Bio-syringe technology for protein delivery
11 Dec 2015 NUS scientists discovered 100% efficiency of protein delivery into cells by Agrobacterium bio-syringe with a new bio-imaging method.
Proteins can provide a wide range of functions. Their usage for a biological system is limited, as they cannot diffuse through cell membranes because of the large sizes. Reagent-facilitated delivery of proteins into cells is useful; it requires a laborious process of protein production and purification before the delivery. Introduction of the genes encoding the proteins is an alternative approach to use proteins; but genetic modification raises safety and environmental concerns.
A research team led by Prof PAN Shen Quan from the Department of Biological Sciences in NUS has demonstrated that Agrobacterium tumefaciens can deliver proteins into recipient cells at an efficiency of up to 100%. The bacterium can produce and deliver protein molecules that are functional inside the host cells.
This indicates that the bacterium can be developed as a bio-syringe for protein delivery, which does not require additional process for protein production and purification. This will certainly change the thinking of related researchers. It also opens up a new field: studies of the “logistics” and trafficking of protein complex delivered by Agrobacterium bio-syringe, which is efficient and can be used for diverse hosts. This will lead to using a bio-syringe to deliver proteins and study how they function in recipient cells.

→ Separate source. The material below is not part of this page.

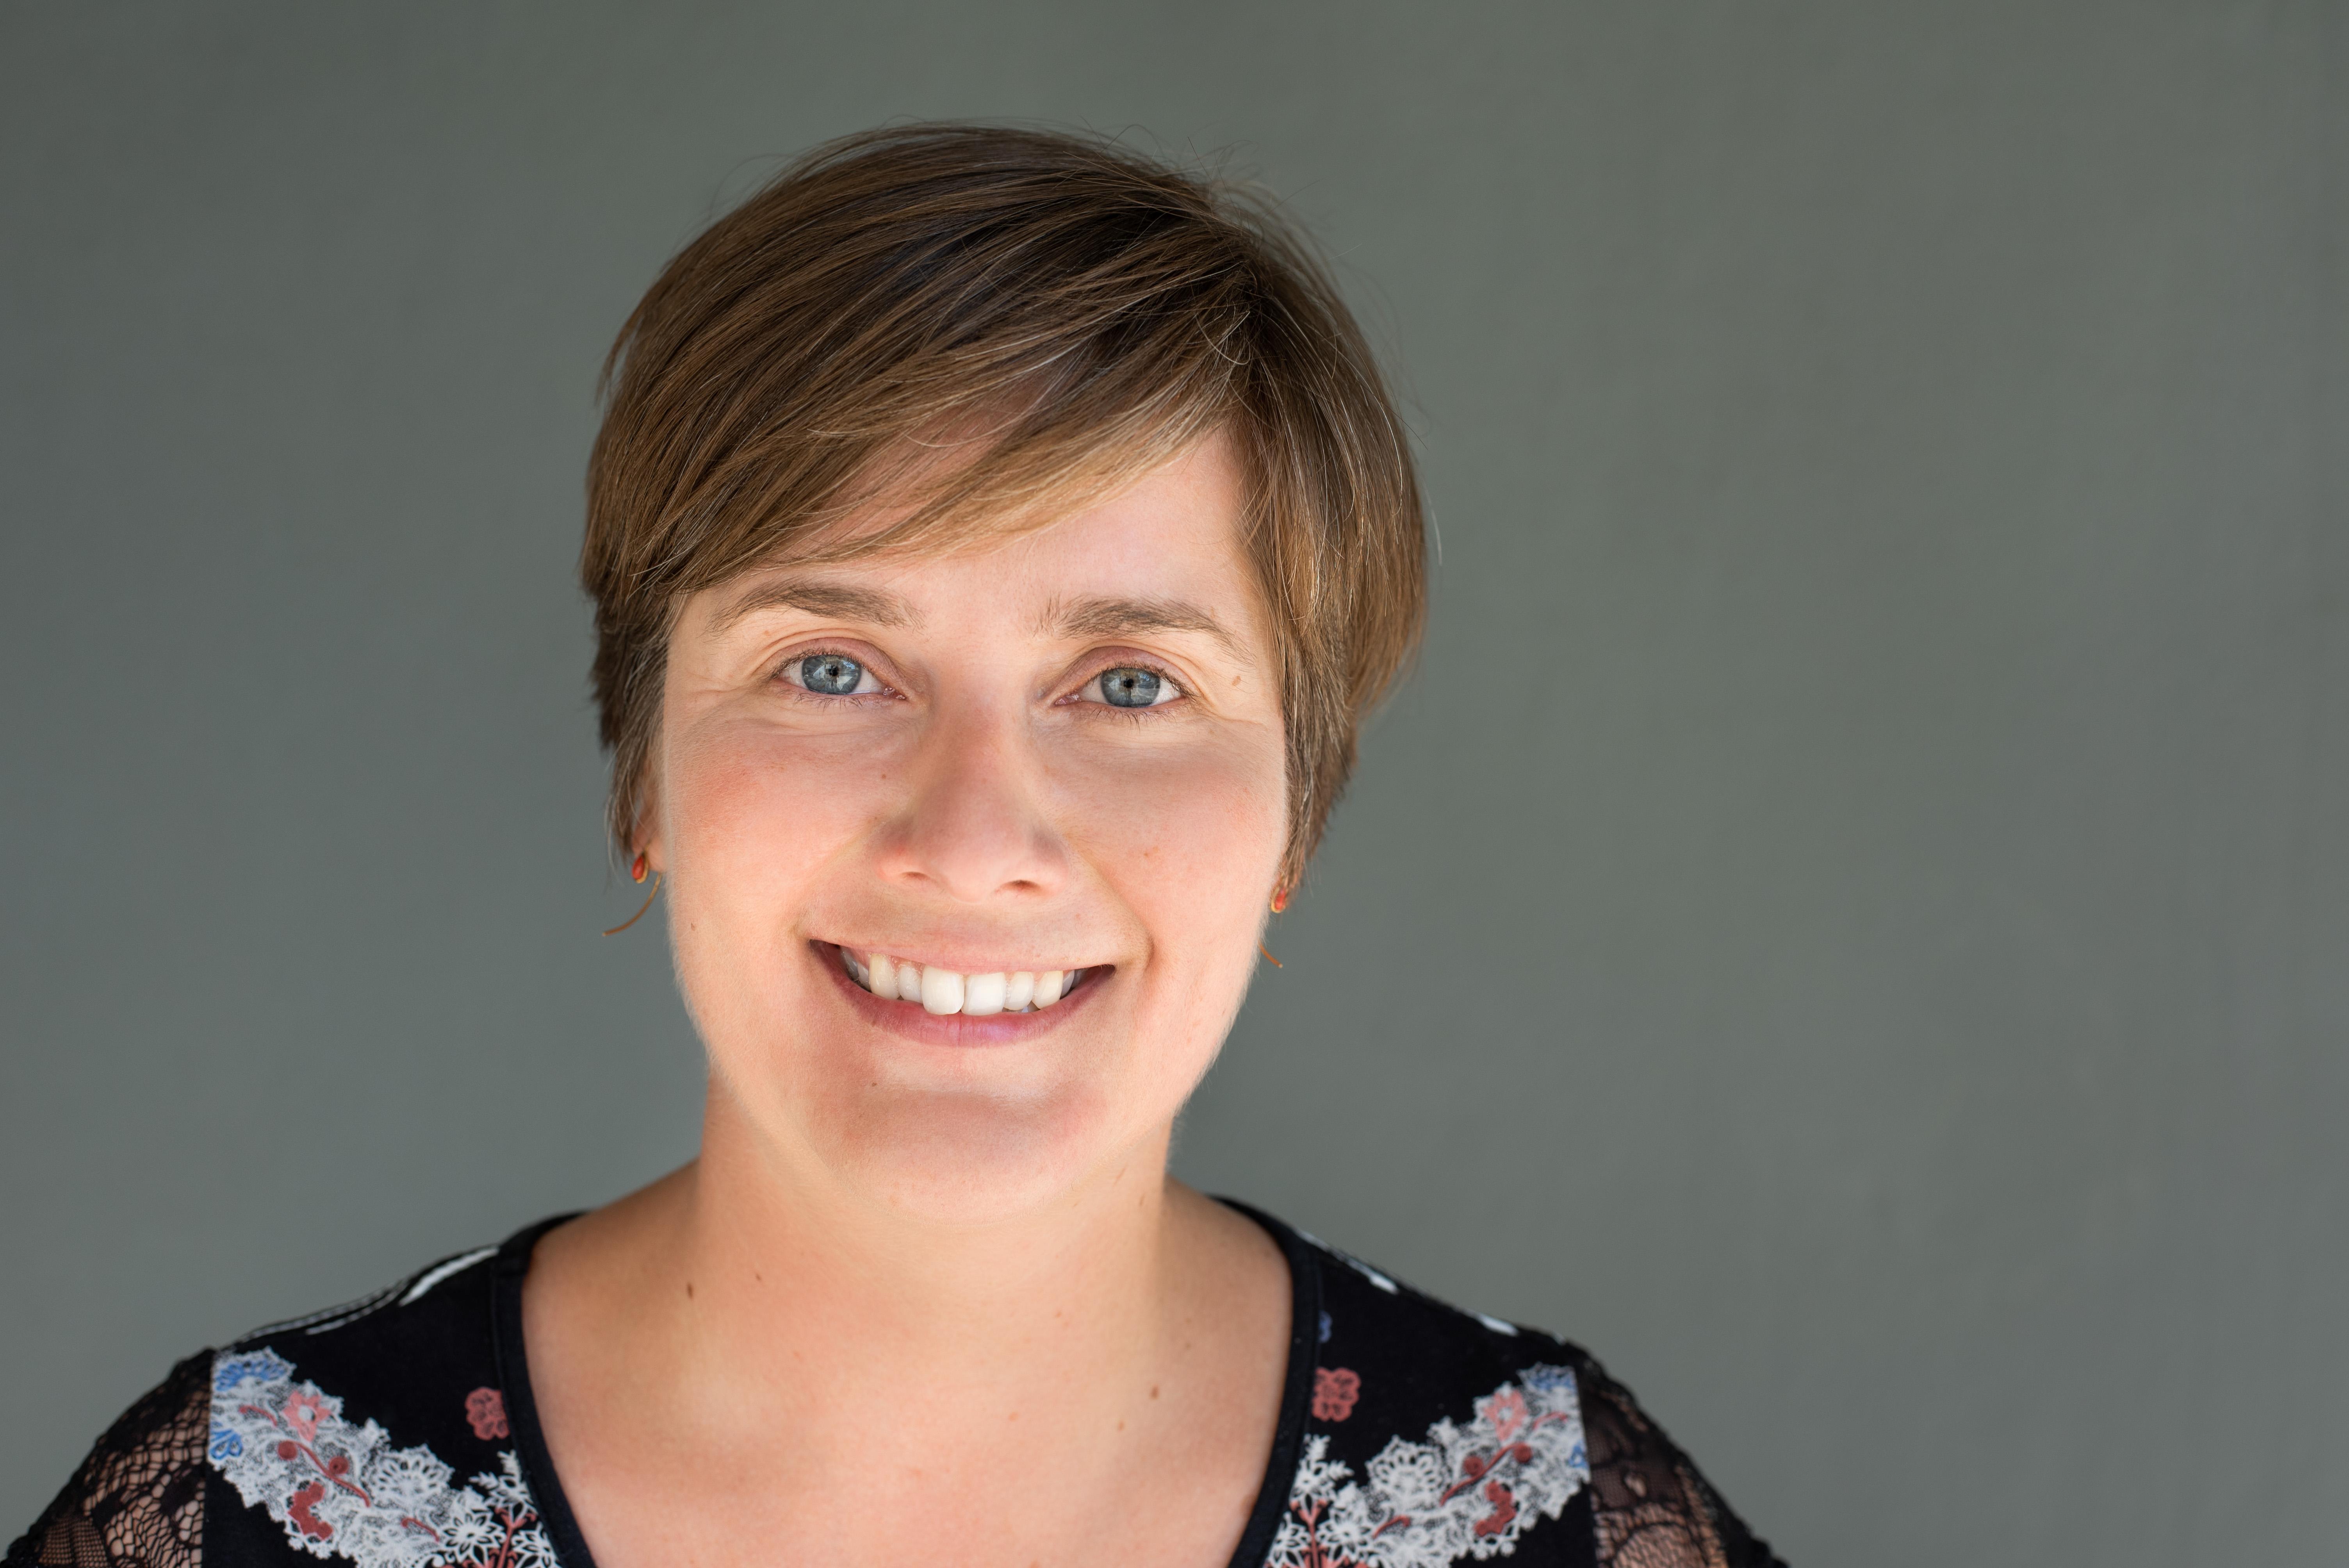 Porträt Dana Müller, Forschungsbereichsleiterin beim Forschungsdatenzentrum der Bundesagentur für Arbeit im Instituts für Arbeitsmarkt und Berufsforschung (IAB)

The research team has embarked on a program to develop bio-syringe technology for protein delivery. Agrobacterium-based vectors will be developed to deliver various proteins; bio-syringe libraries will be constructed to test the functions of proteins. The team will study how bio-syringe-delivered proteins traffick inside recipient cells. More importantly, the team will analyse post-translational modifications of bio-syringe-delivered proteins for glyco-engineering and develop bio-syringe-based systems to trigger plant resistance to diseases and to regulate plant development.
A split-GFP approach to visualize Agrobacterium-delivered VirE2 protein. [Image credit belongs to: Li Xiaoyang]
A large amount of VirE2-GFP protein can be delivered into each plant cell. [Image credit belongs to: Yang Qinghua]
Li X, Yang Q, Tu H, Lim Z, Pan SQ. “Direct visualization of Agrobacterium-delivered VirE2 in recipient cells.” The Plant Journal. 77 (2014) 487.